4. Document-Mutation Coordination: Proposes a coordination model where agents interact solely through shared document mutations, creating a tamper-evident, causal audit trail of all inter-agent communication.
5. Ad-Hoc Clinical Reasoning: Enables the system to handle the "long tail" of clinical variability by dynamically composing skills to address novel scenarios that fixed hospital workflows cannot.
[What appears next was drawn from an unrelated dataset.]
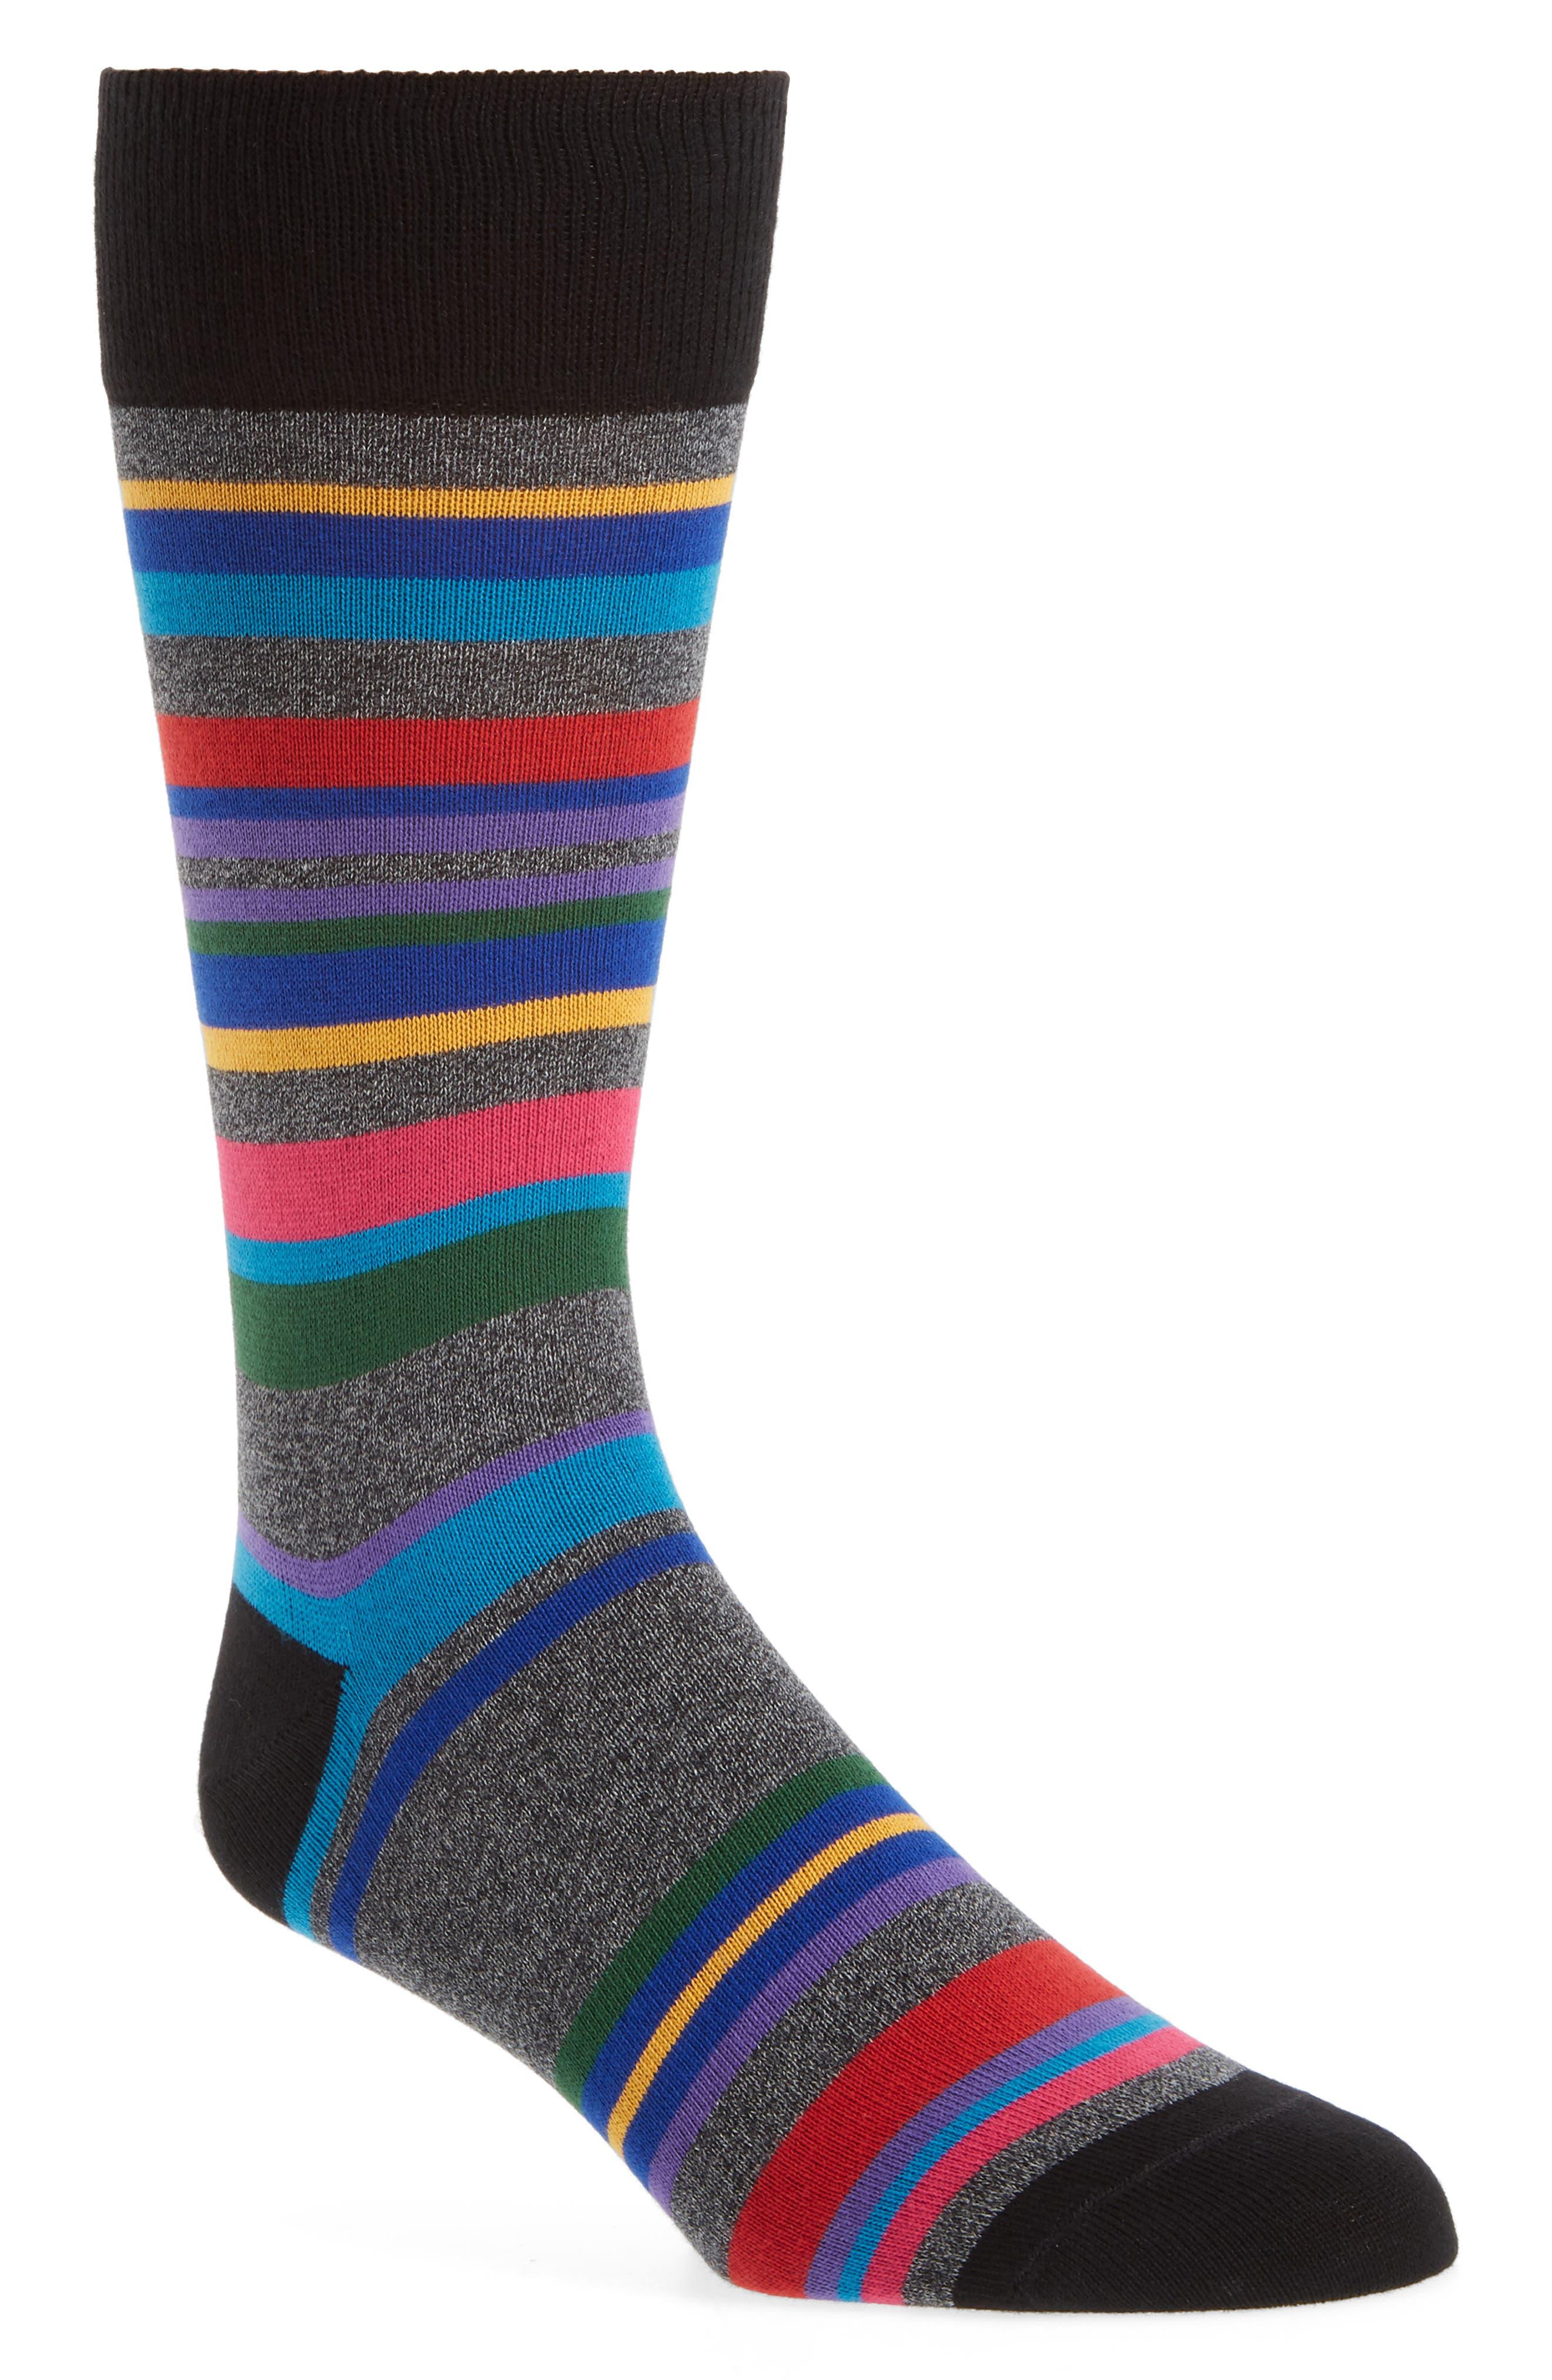 Aster Stripe Socks,                             Main thumbnail 1, color,                             001

4. Results and Clinical Scenarios

The paper validates the architecture through six detailed clinical workflow scenarios (illustrated in Figure 3), demonstrating that a single unified infrastructure can handle diverse needs:

• Continuous Monitoring: Automated aggregation of wearable data and generation of follow-up notes.
• Triage: Initial assessment and routing based on symptom history and prior records.
• Emergency Escalation: Immediate, priority-flagged alerts for critical physiological events, interrupting standard reasoning cycles.
• Medication Management: Closed-loop adherence tracking and dynamic care plan adjustments.
• Proactive Risk Identification: Longitudinal analysis across years of data to identify trends (e.g., declining renal function) and trigger preventive interventions.
• Cross-Specialty Coordination: Managing multimorbid patients by allowing multiple specialist agents to read/write to a shared care plan, detecting drug conflicts, and reconciling treatment plans.

5. Significance

This work represents a paradigm shift in Clinical AI deployment:

• From "Safe Models" to "Safe Systems": It argues that safety cannot be achieved solely by training safer models; it requires a controlled execution environment where unsafe behavior is structurally impossible.
• Auditability: By leveraging OS-level file auditing (e.g., auditd), the system provides a complete, tamper-evident record of every agent action, satisfying strict regulatory requirements without custom engineering.
• Interpretability: The manifest-guided retrieval process produces a human-readable trace of the agent's information gathering, unlike the "black box" nature of vector similarity searches.
• Scalability to Variability: It offers a solution to the rigidity of current hospital IT, allowing AI to adapt to unique, unscripted patient needs while maintaining the safety and structure required in healthcare.

In conclusion, the authors propose that the future of clinical AI lies not in more powerful models, but in Agentic Operating Systems that rigorously constrain agent behavior through OS-level isolation, document-centric coordination, and hierarchical memory management.